Start of Block

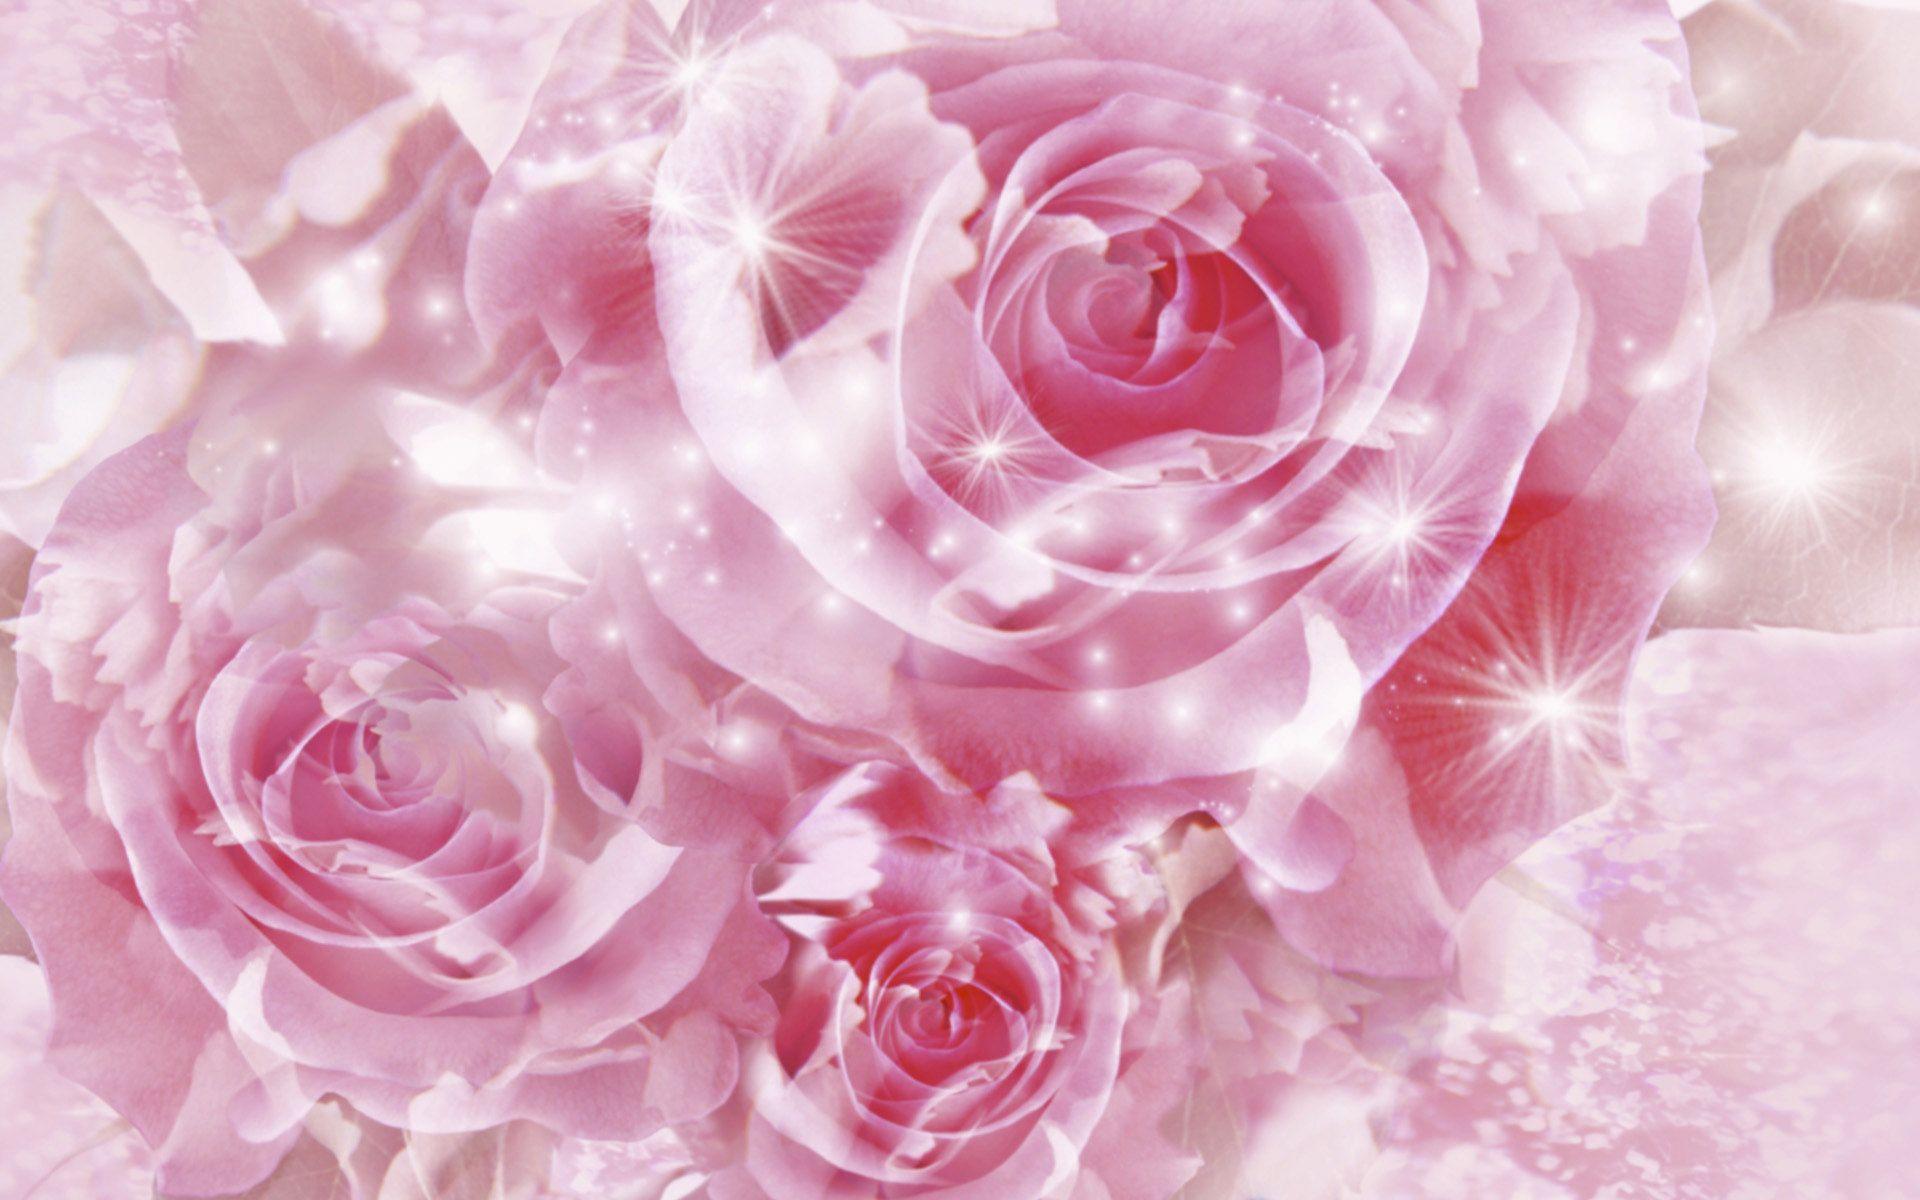 Hình nền hoa hồng: Hình nền hoa hồng ấm áp và đầy cảm xúc. Với sắc hồng nhẹ nhàng, mang lại cảm giác tình cảm và sự đong đầy của cuộc sống, đây sẽ là lựa chọn hoàn hảo cho bạn. Nhấp vào ảnh và tìm thấy sự trân trọng cho cảm xúc đong đầy trong cuộc sống của mình.
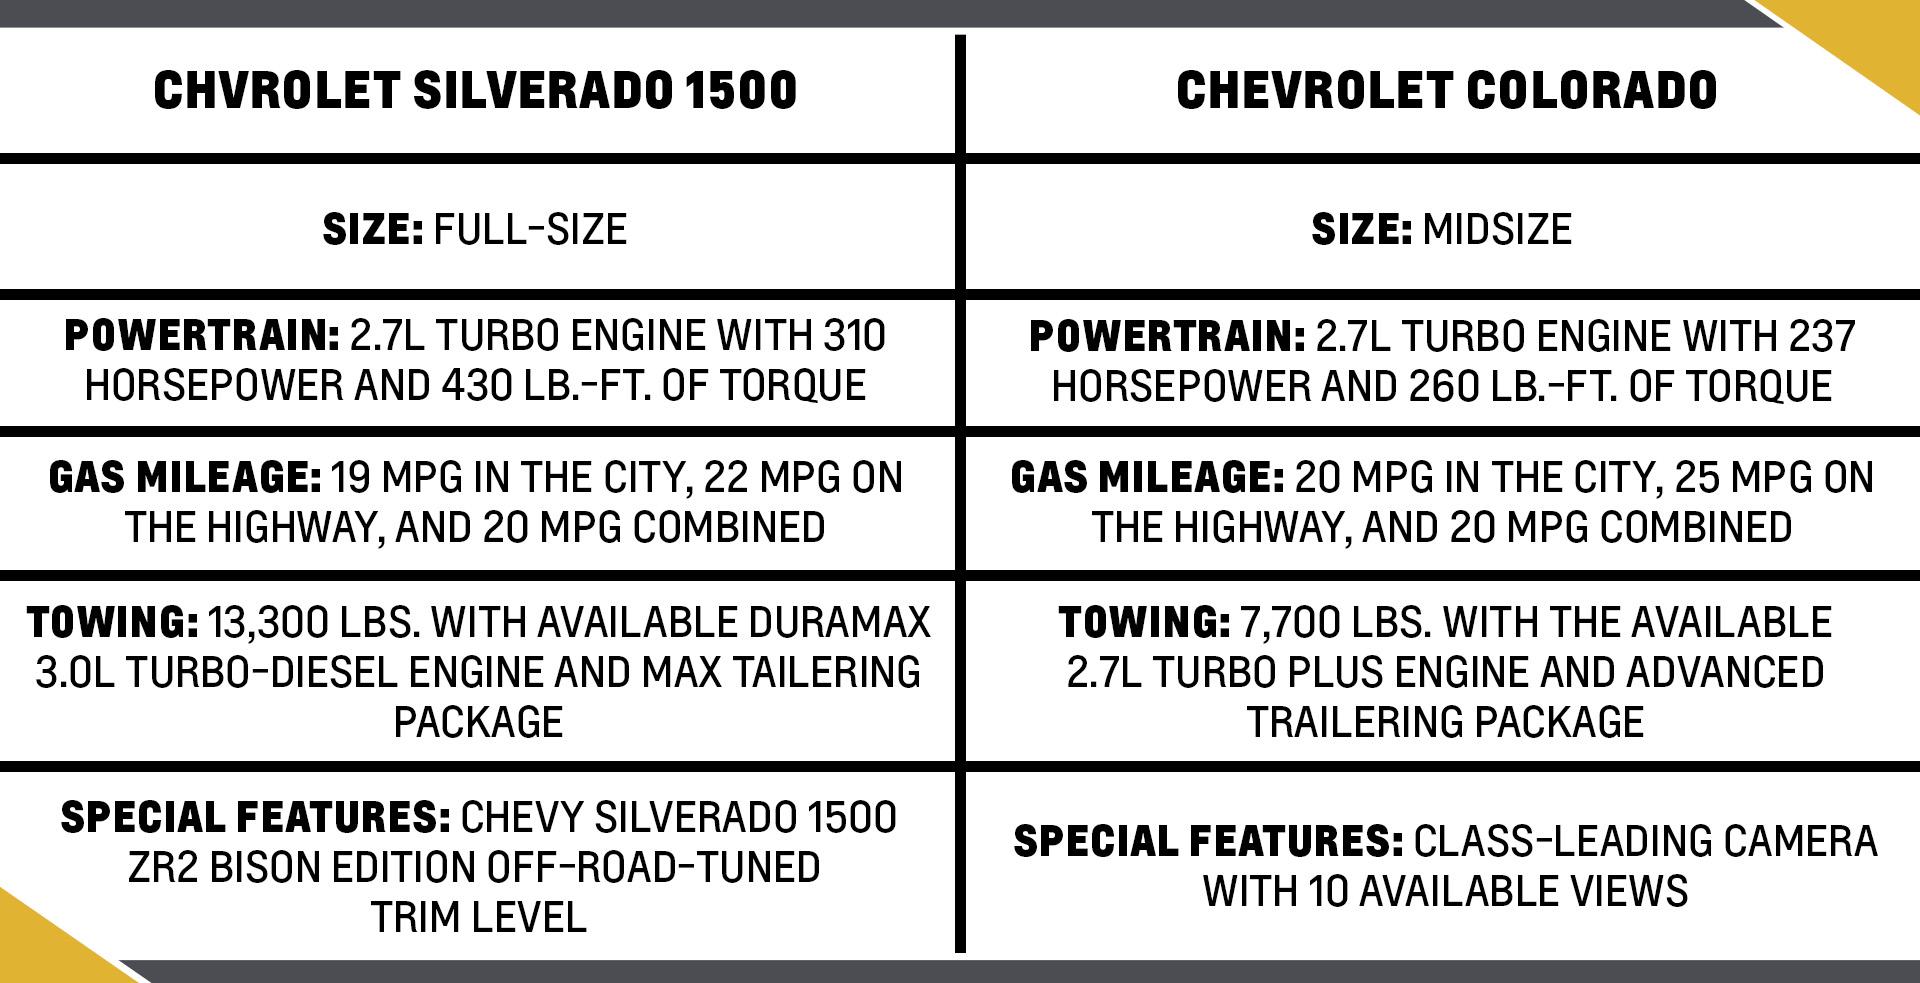 Chevy Colorado Compared to Silverado
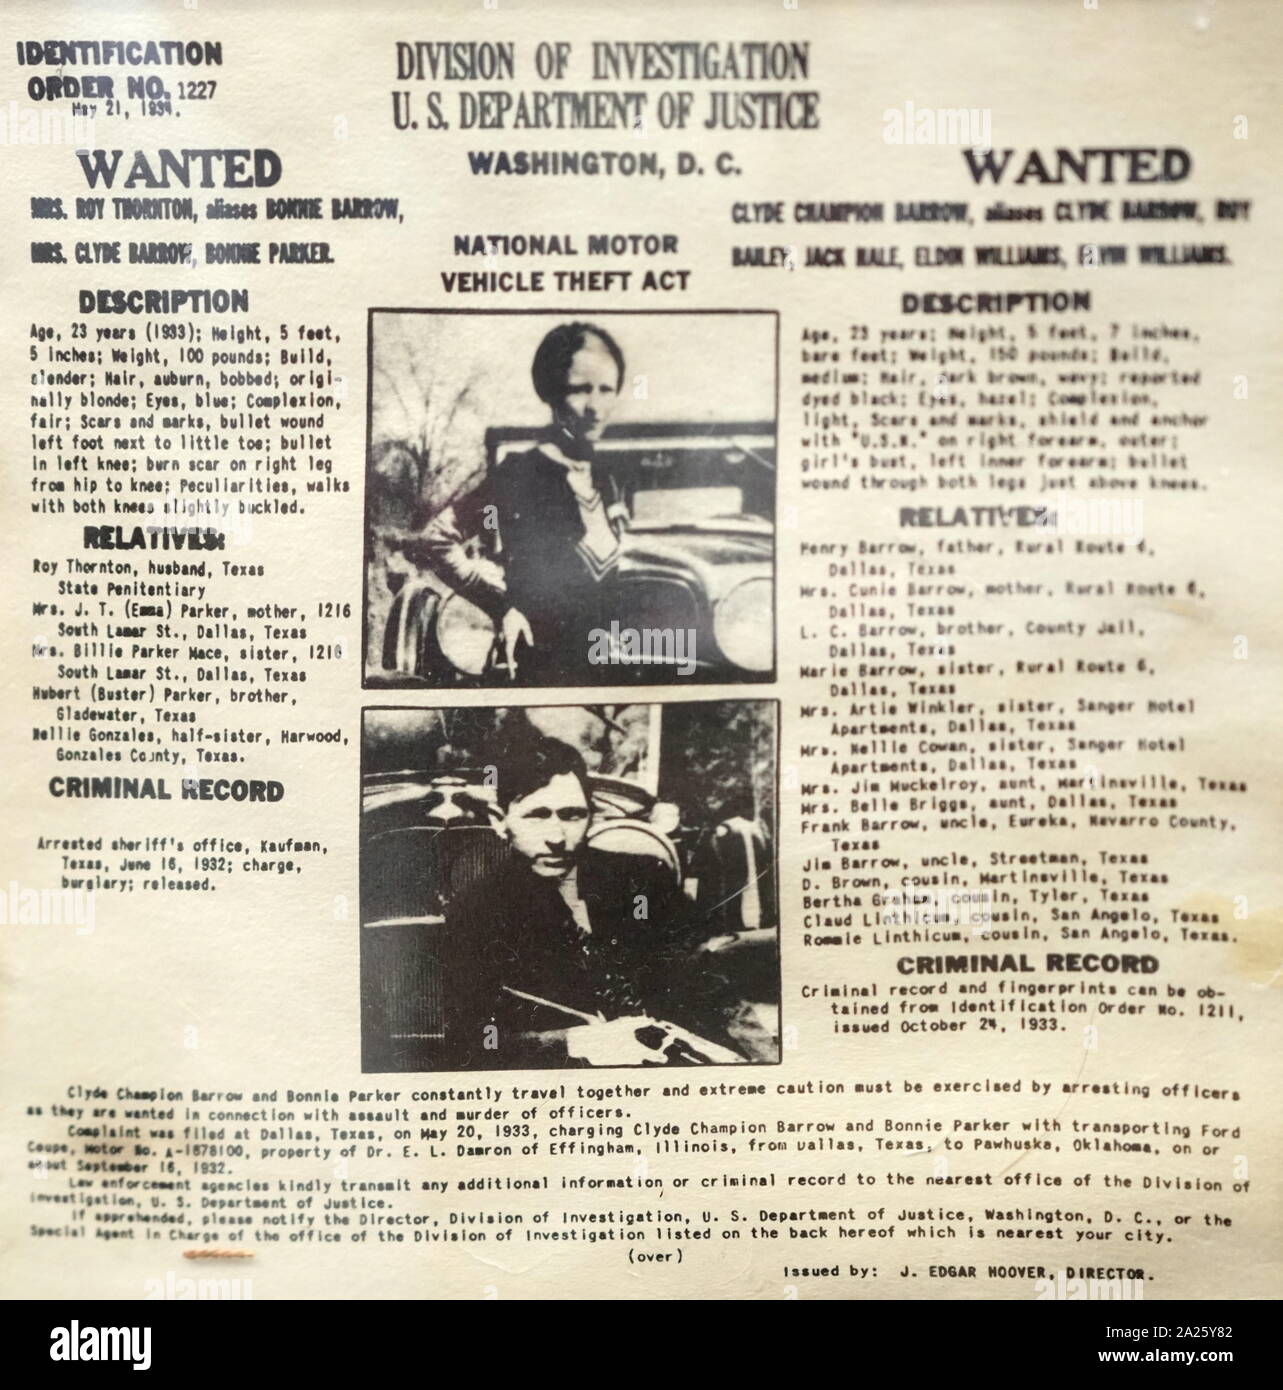 Manifesto Wanted per Bonnie e Clyde. Bonnie Elizabeth Parker (1910-1934) e Clyde Chestnut Barrow (1909-1934) criminali americani che hanno viaggiato intorno al centro di Stati Uniti con la loro pista durante la Grande Depressione. Foto Stock

End of Block

▸ **About this task**:
Transcribe each line above verbatim, with the pictures left out.

▸ **Solution to this task**:
 Hình nền hoa hồng: Hình nền hoa hồng ấm áp và đầy cảm xúc. Với sắc hồng nhẹ nhàng, mang lại cảm giác tình cảm và sự đong đầy của cuộc sống, đây sẽ là lựa chọn hoàn hảo cho bạn. Nhấp vào ảnh và tìm thấy sự trân trọng cho cảm xúc đong đầy trong cuộc sống của mình.
 Chevy Colorado Compared to Silverado
 Manifesto Wanted per Bonnie e Clyde. Bonnie Elizabeth Parker (1910-1934) e Clyde Chestnut Barrow (1909-1934) criminali americani che hanno viaggiato intorno al centro di Stati Uniti con la loro pista durante la Grande Depressione. Foto Stock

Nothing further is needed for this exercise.